### ASSIGNMENT
All pictures are to be omitted while the lines starting at the line with "BBM adds Chat" and ending at the line with "Online Safety Act" in the material below are retyped exactly, both ends included.

### AVAILABLE DATA
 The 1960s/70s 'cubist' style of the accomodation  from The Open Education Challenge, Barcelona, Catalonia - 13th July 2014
* * *
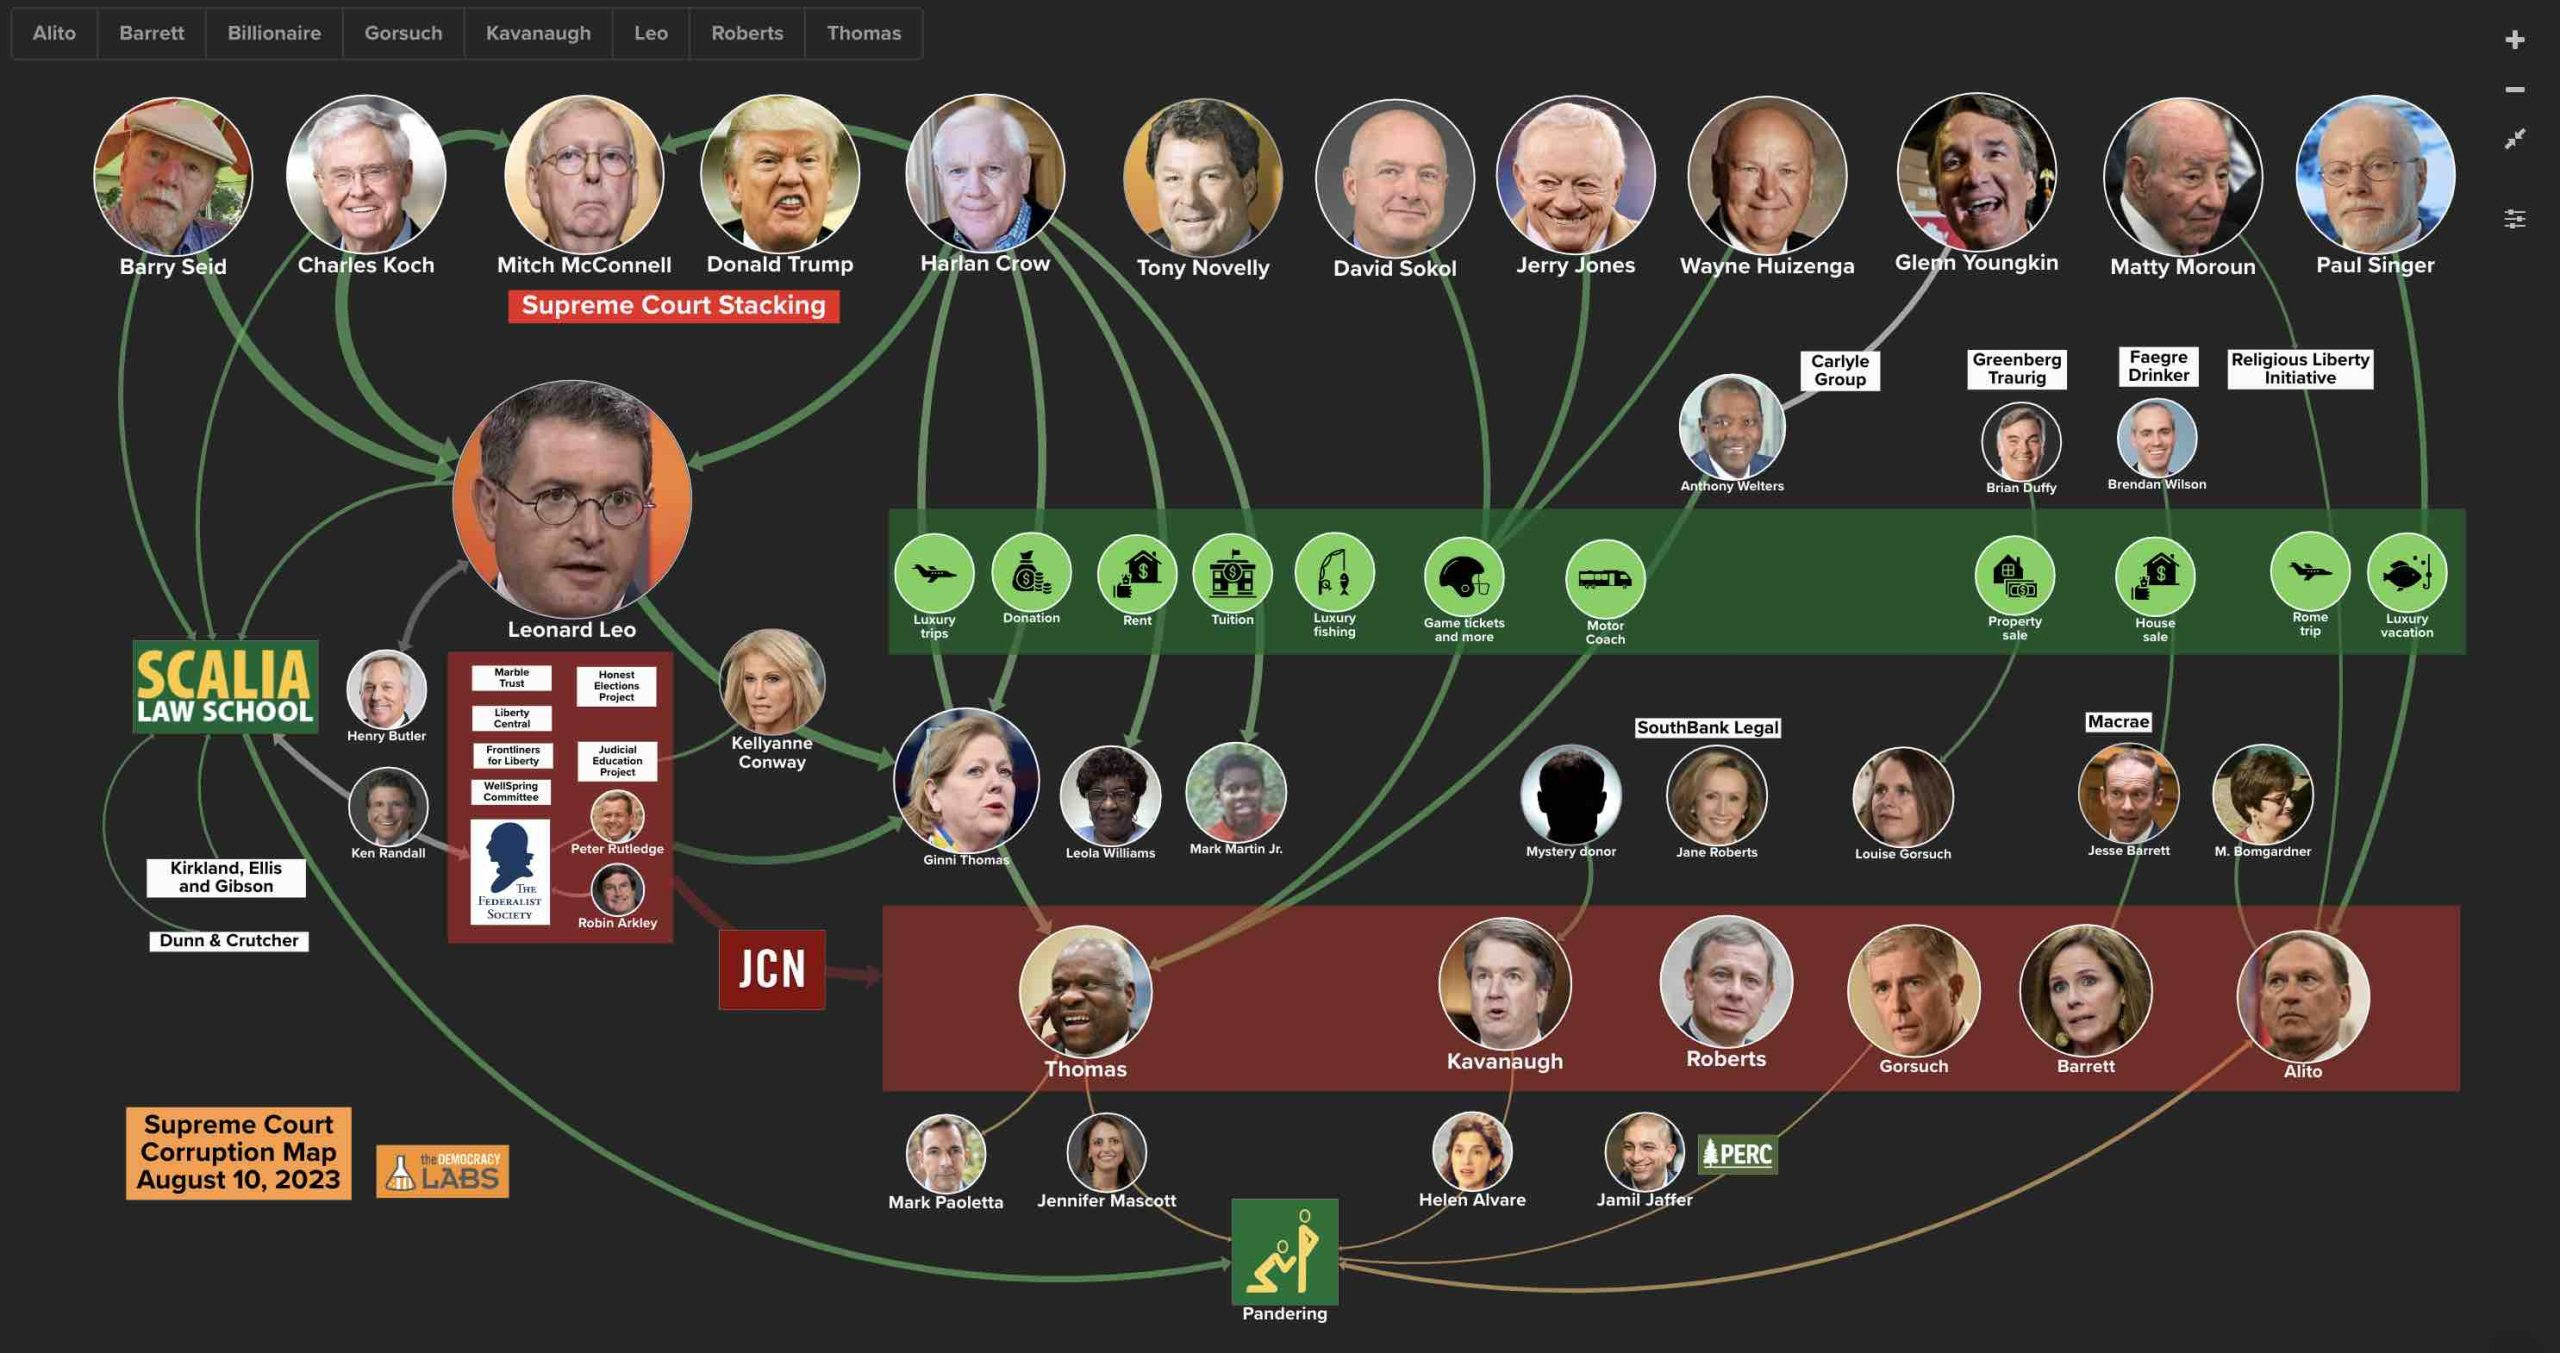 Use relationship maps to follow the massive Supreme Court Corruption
--
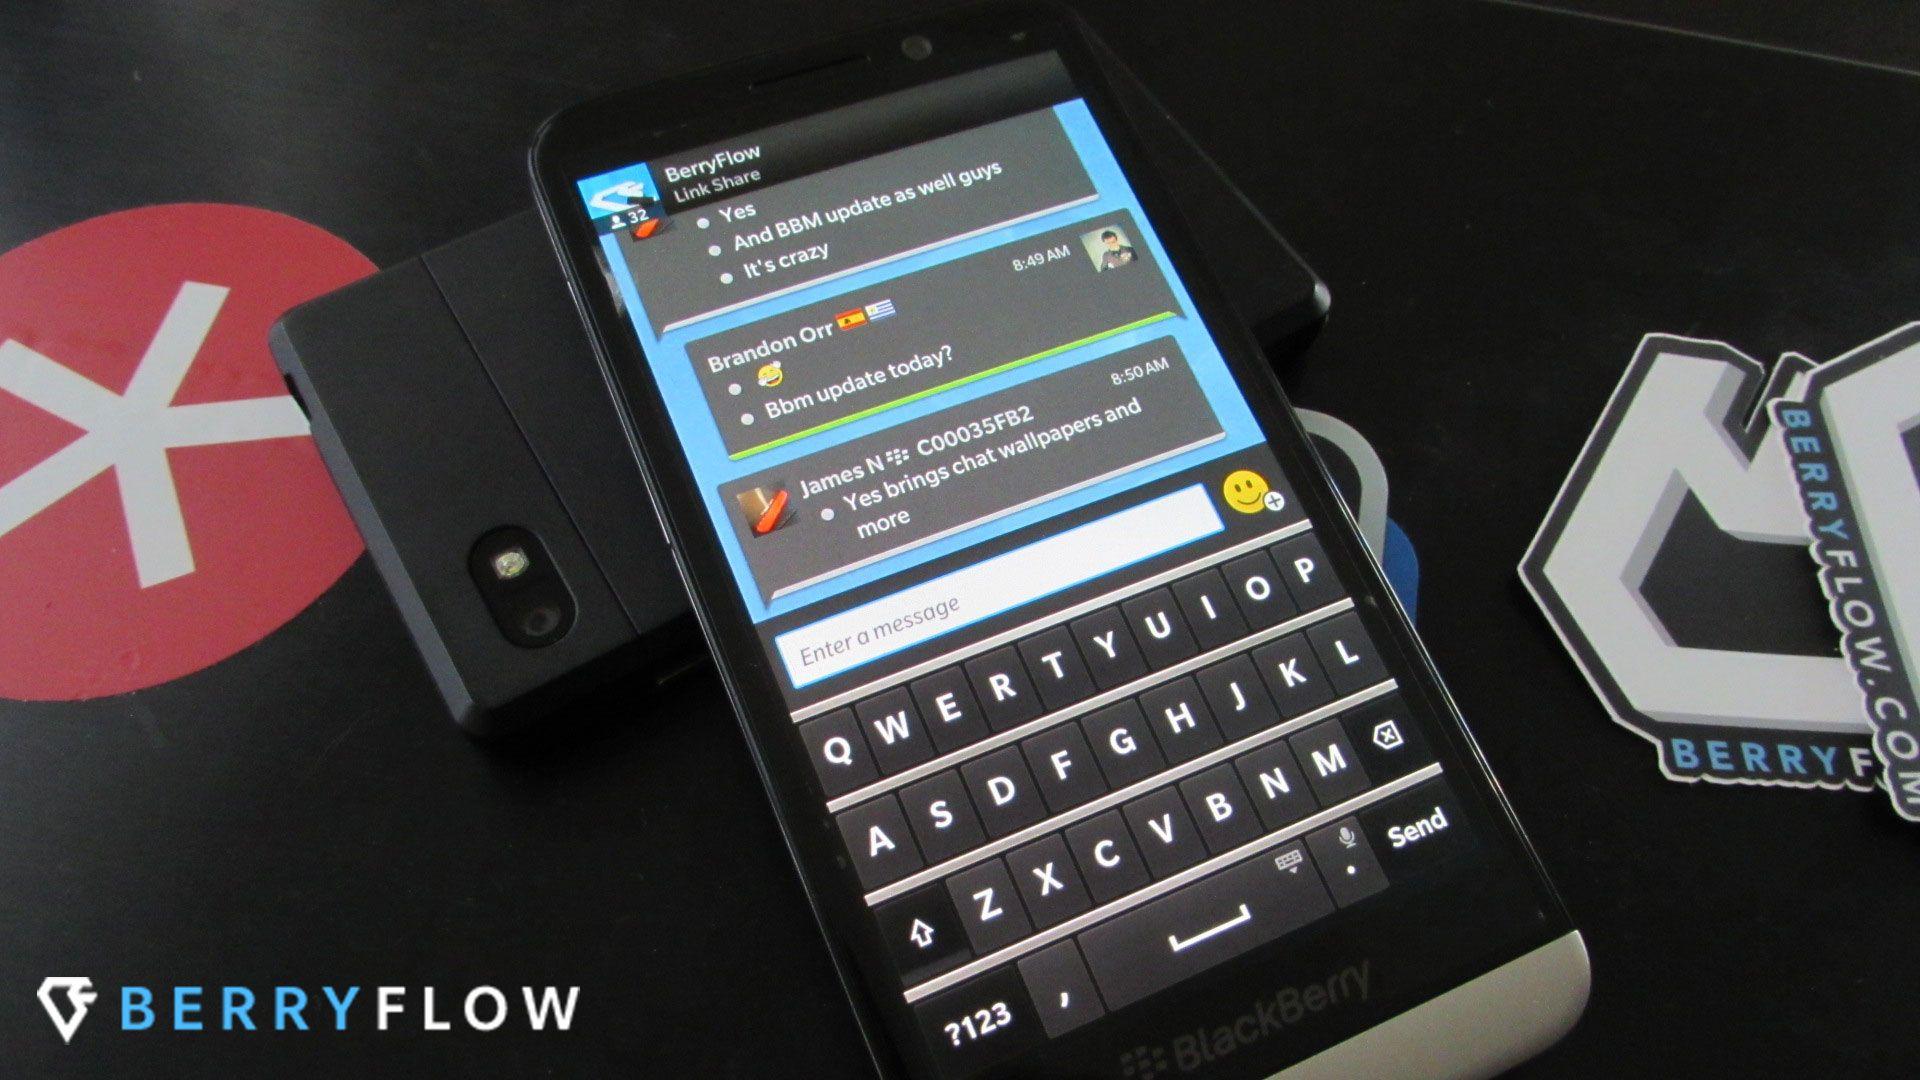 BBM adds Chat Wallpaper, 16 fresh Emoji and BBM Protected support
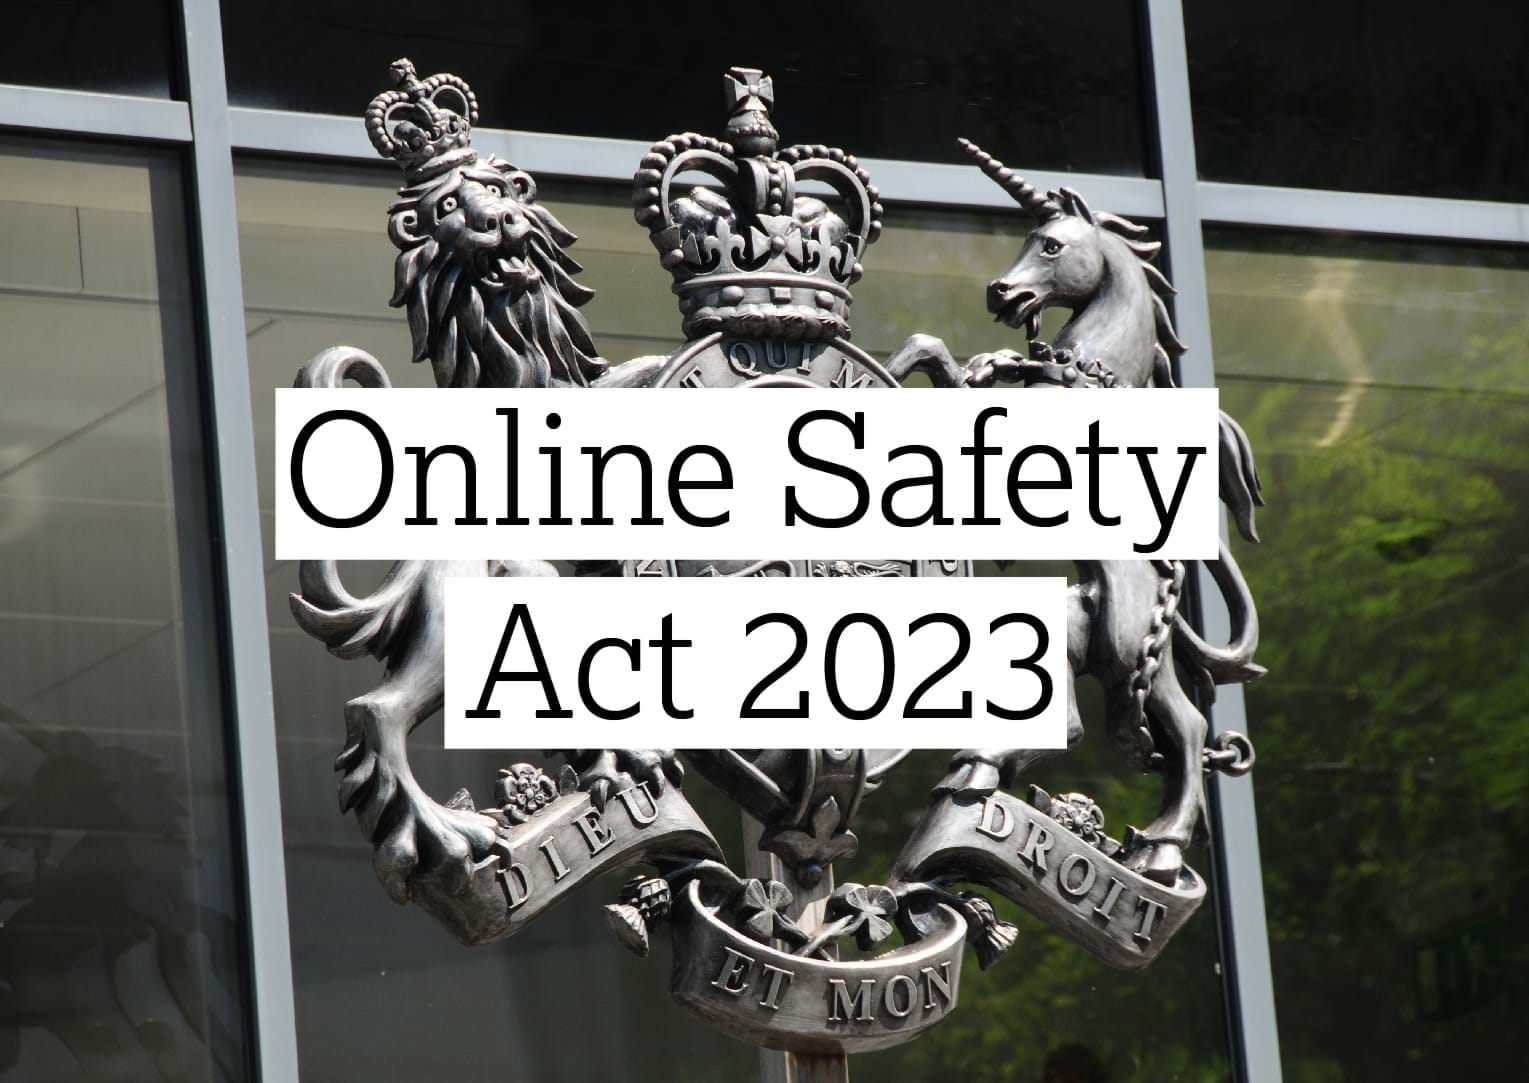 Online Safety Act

### ANSWER SECTION
 BBM adds Chat Wallpaper, 16 fresh Emoji and BBM Protected support
 Online Safety Act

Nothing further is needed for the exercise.